The problem >> Reproduce the material below only from the line with "Instagram-Symbol. Web-Icon-Set. Sammlung" to the line with "(комплект из 3 книг)", both included, keeping each line exact and dropping the pictures.

Excerpted data >>
[Start of Attachment]

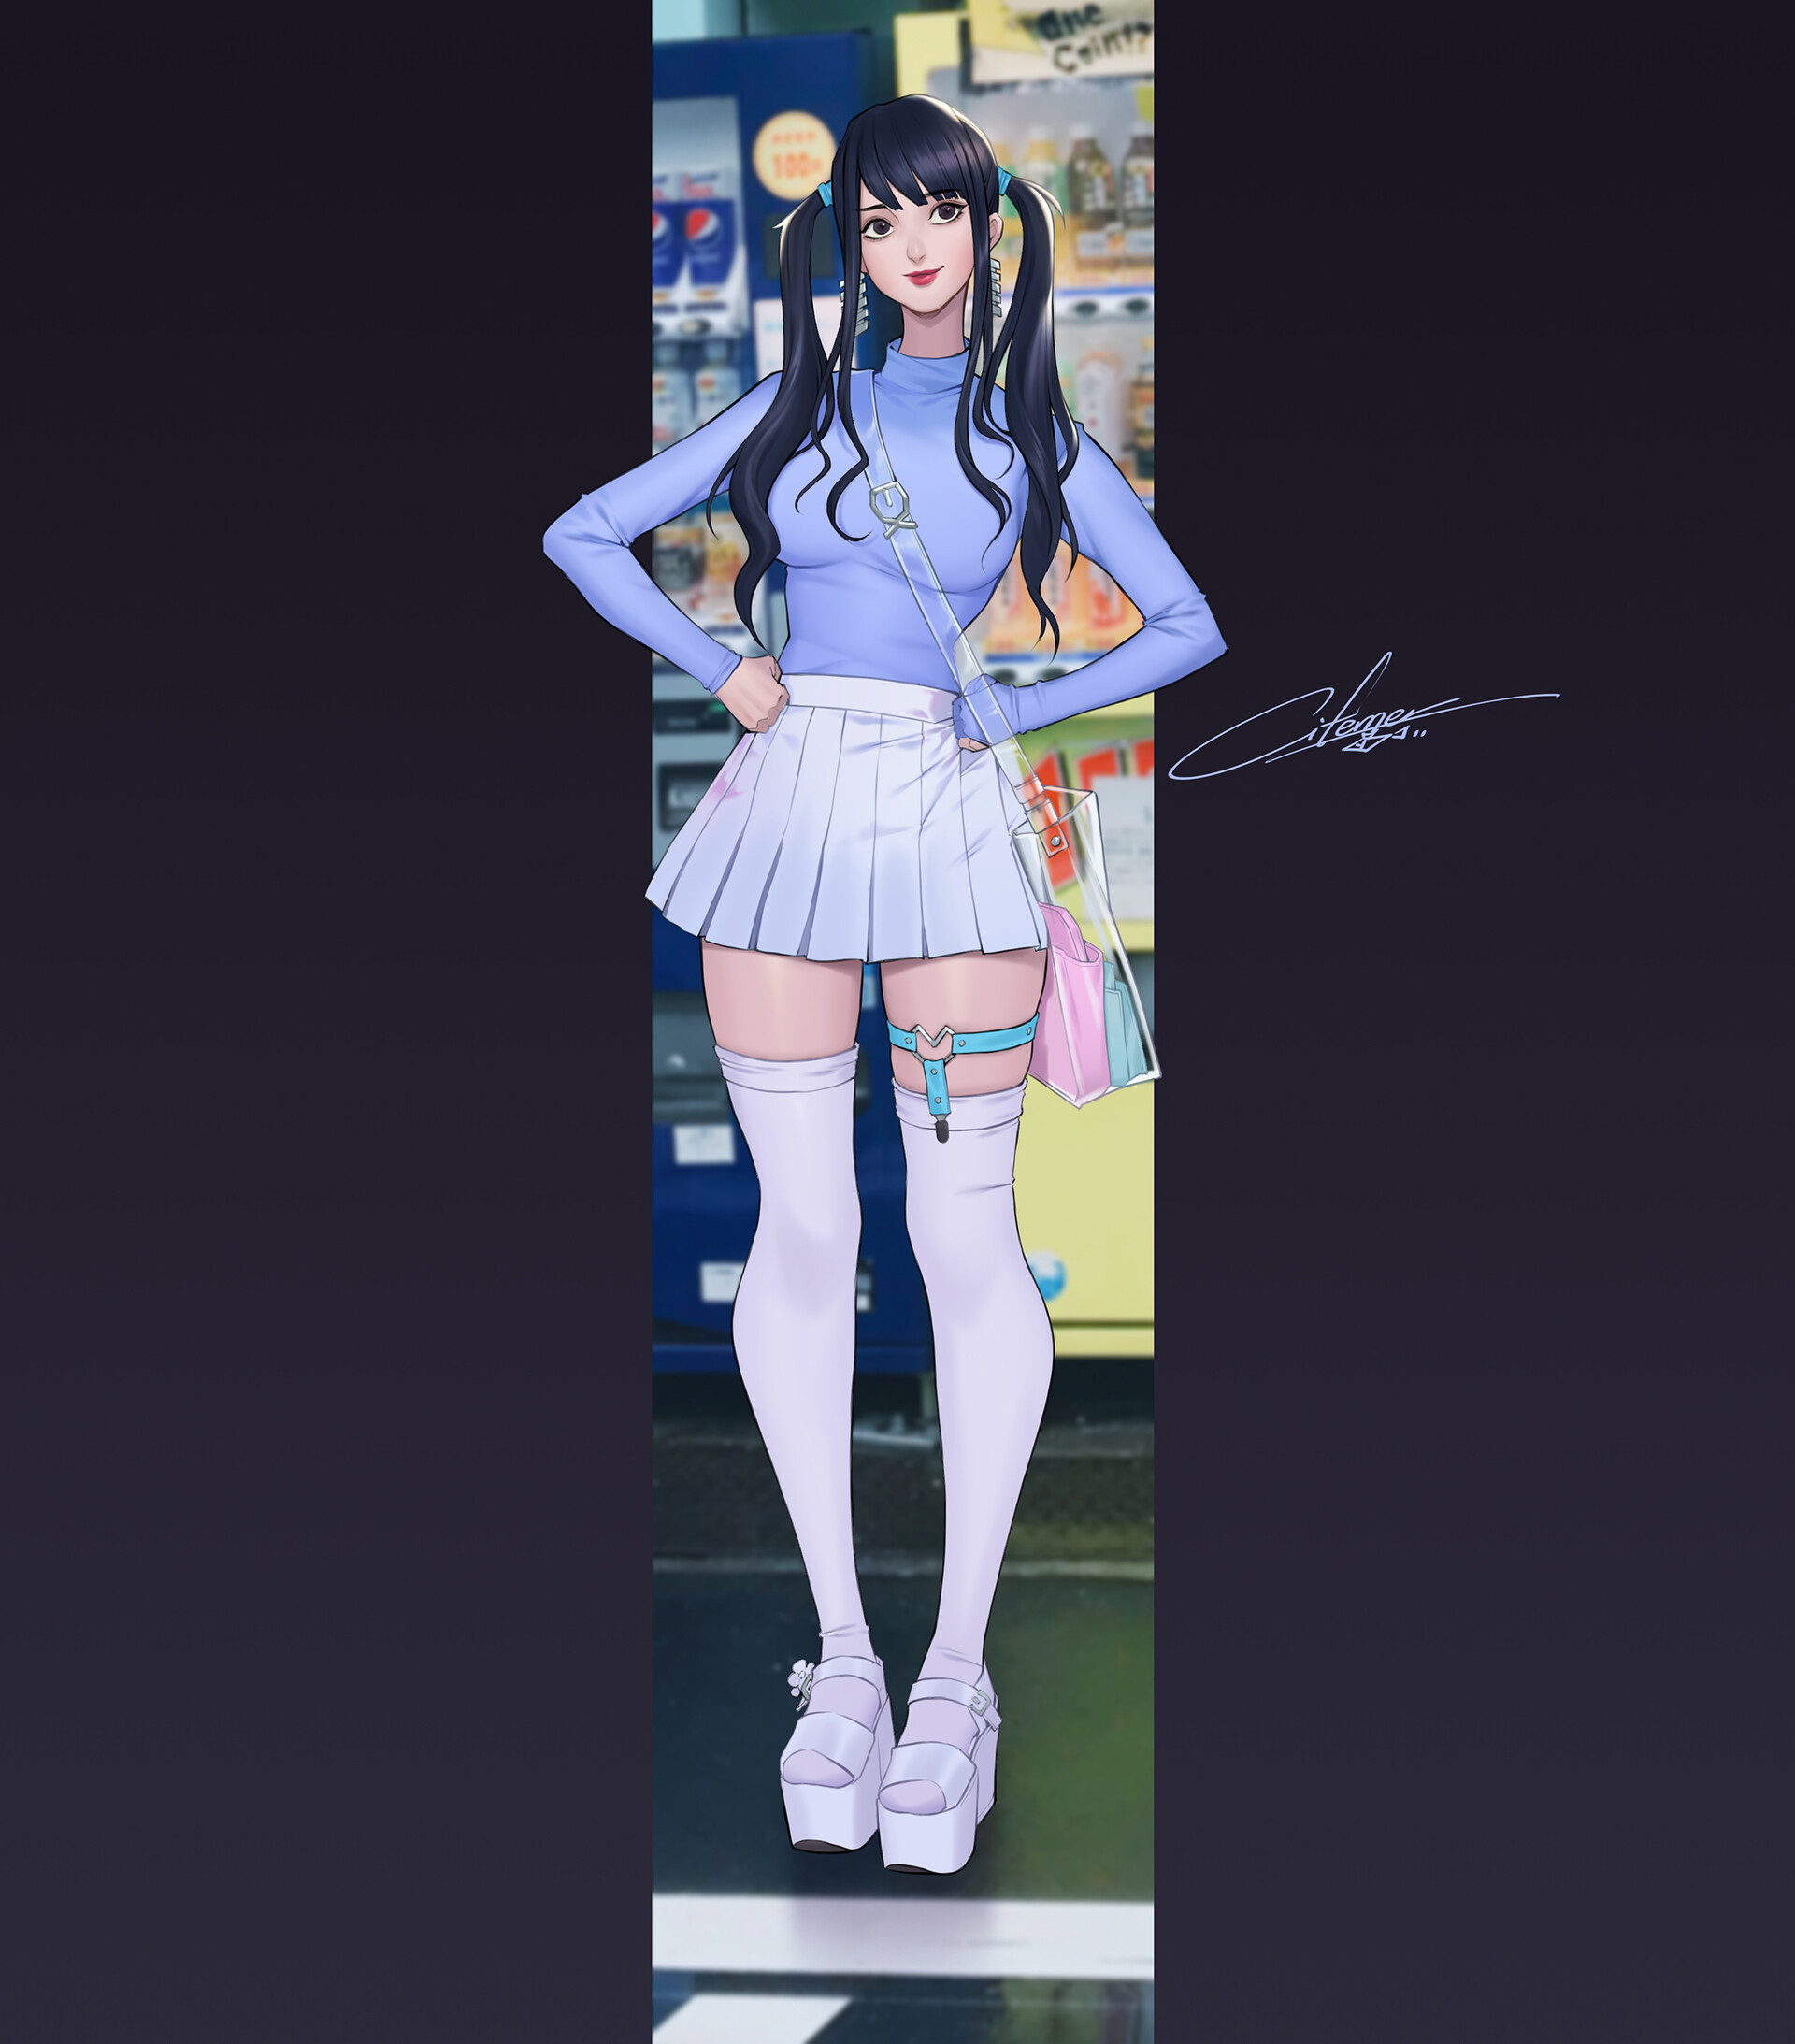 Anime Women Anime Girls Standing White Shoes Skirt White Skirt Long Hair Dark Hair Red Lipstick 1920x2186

[End of Attachment]
[Start of Attachment]

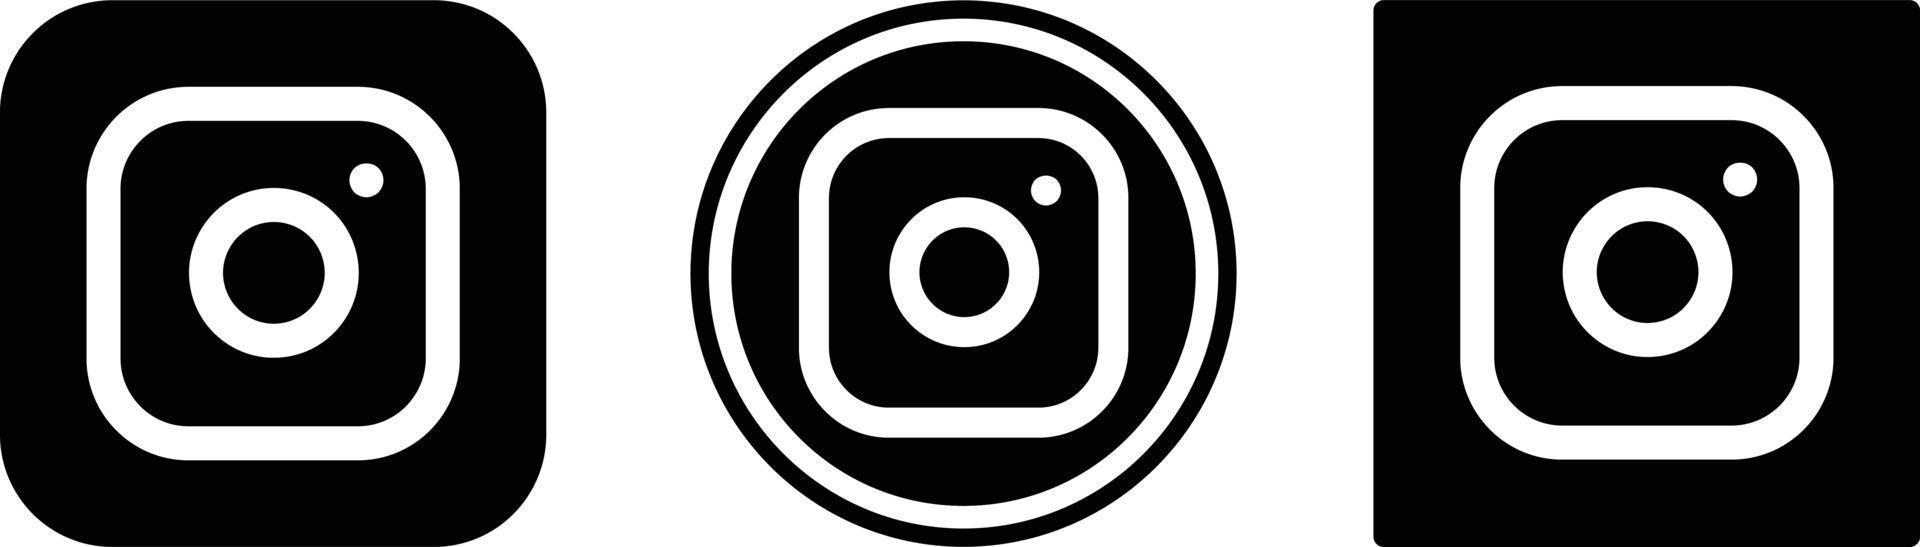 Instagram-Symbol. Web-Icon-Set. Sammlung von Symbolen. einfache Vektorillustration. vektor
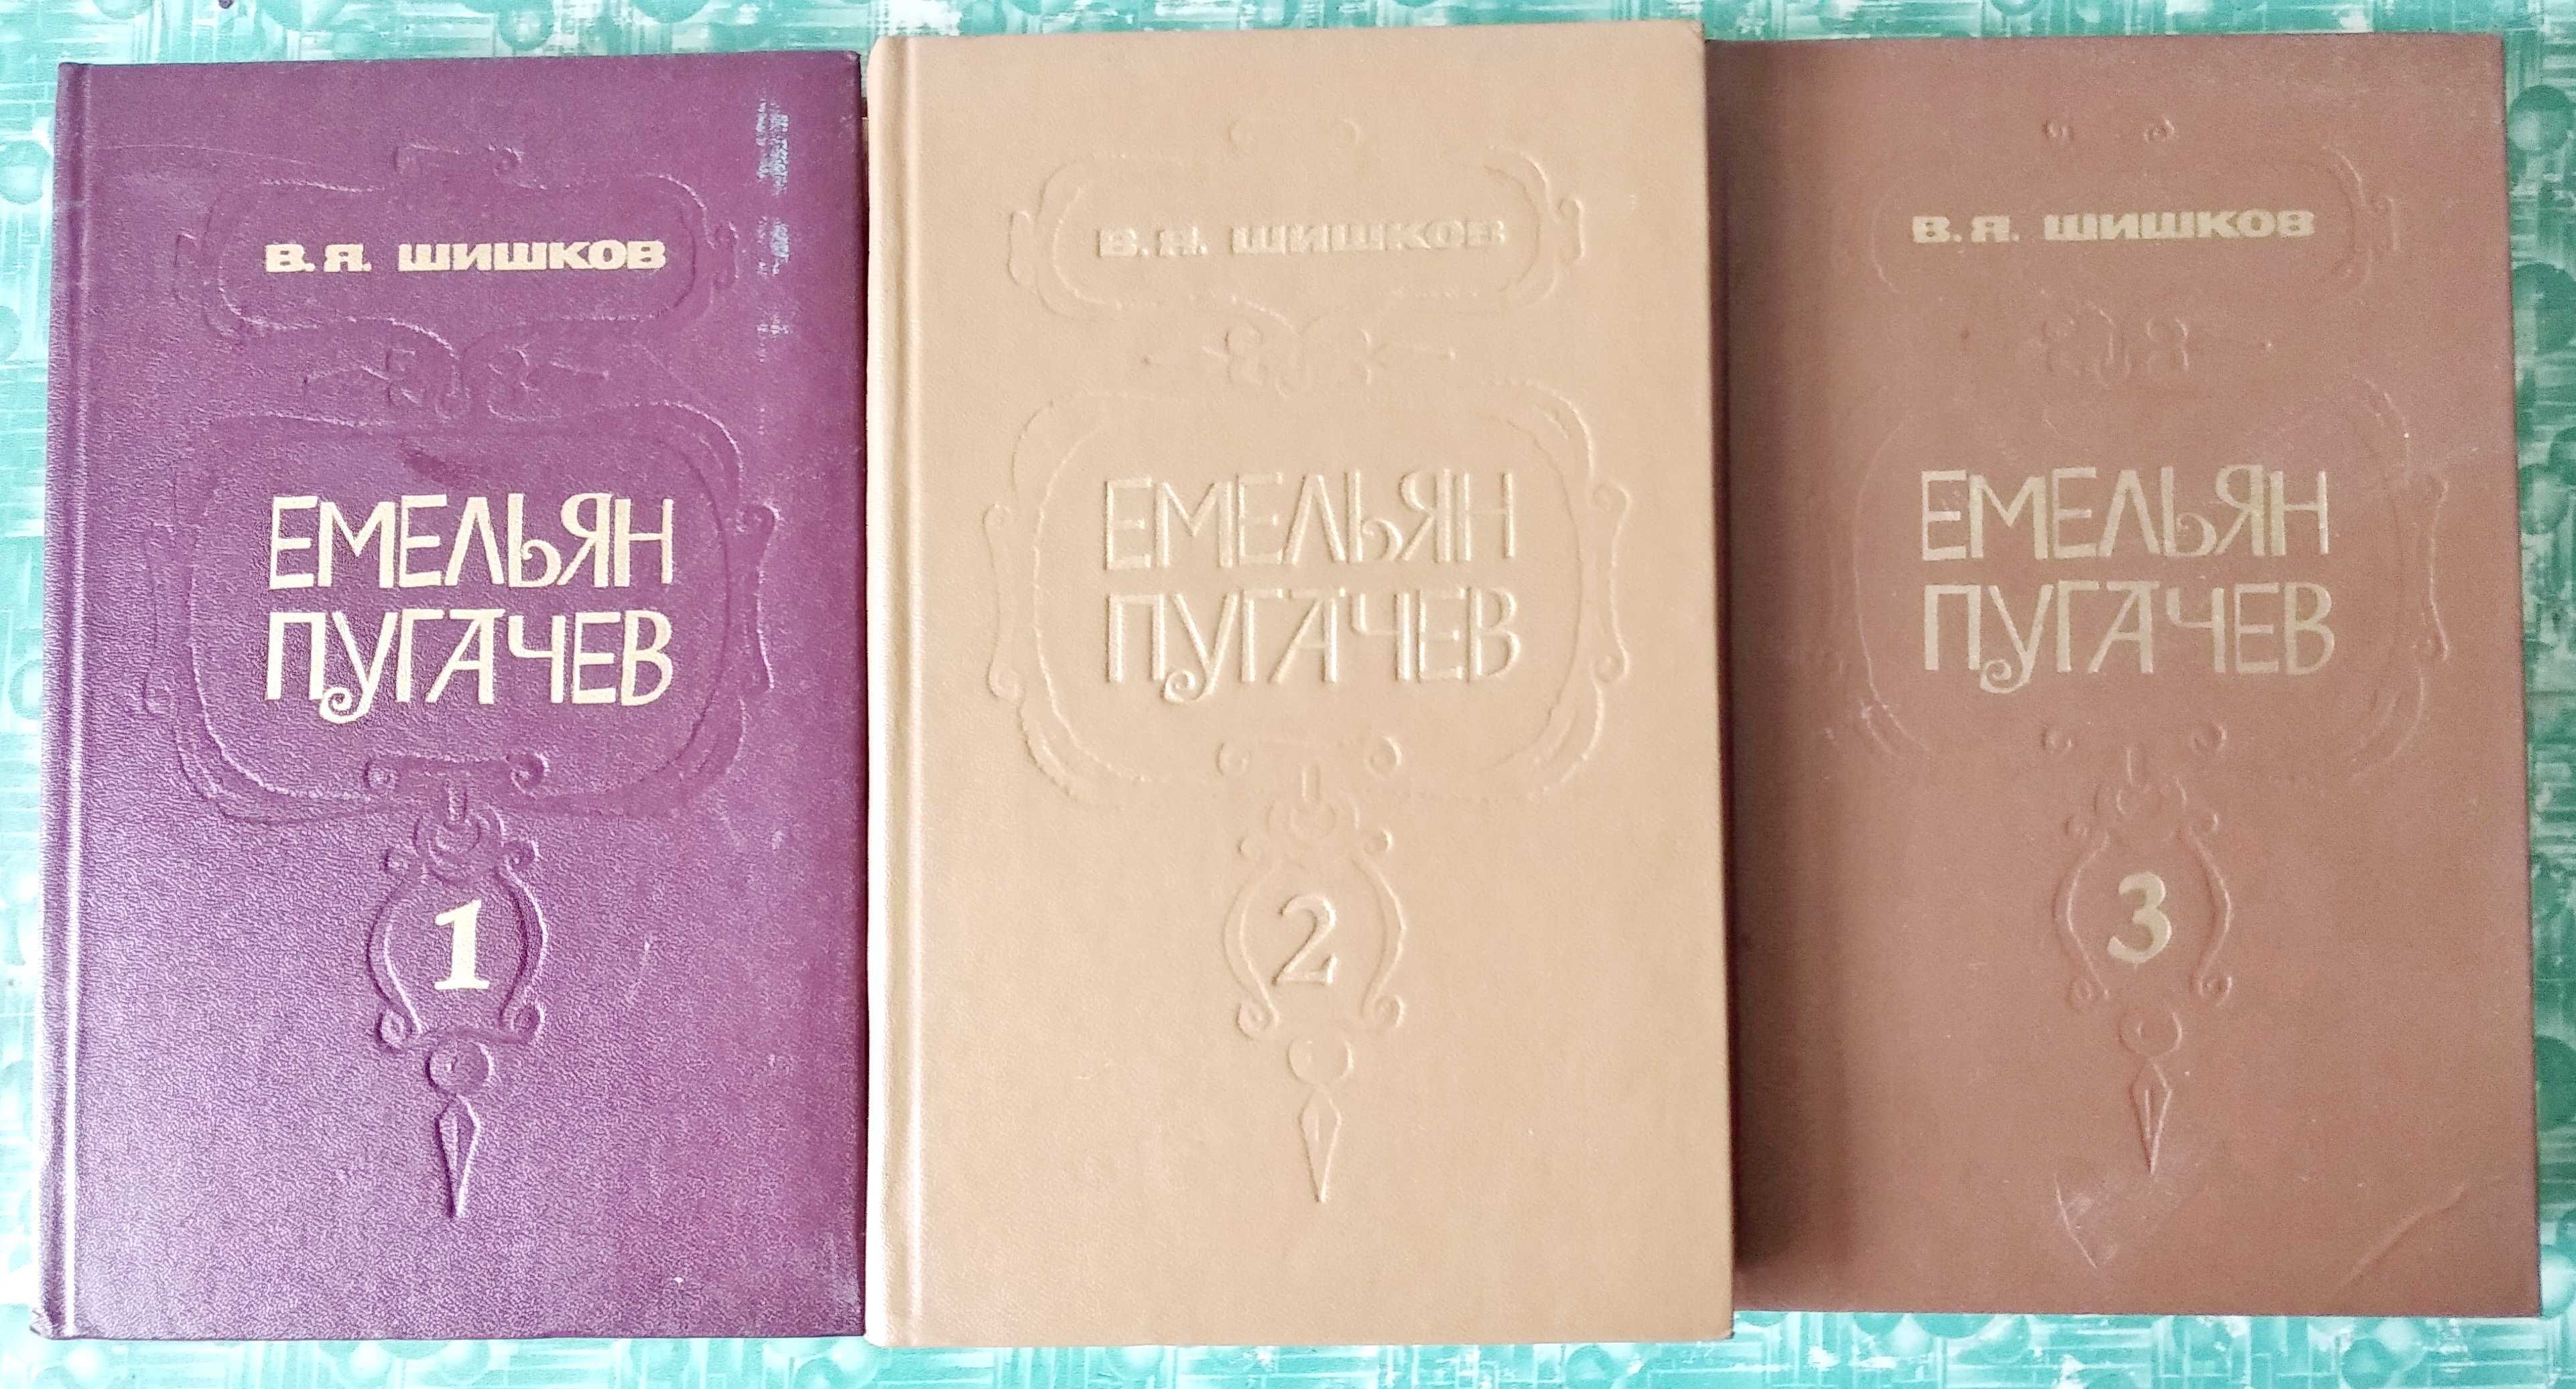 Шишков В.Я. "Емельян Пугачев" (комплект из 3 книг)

[End of Attachment]

Task result >>
 Instagram-Symbol. Web-Icon-Set. Sammlung von Symbolen. einfache Vektorillustration. vektor
 Шишков В.Я. "Емельян Пугачев" (комплект из 3 книг)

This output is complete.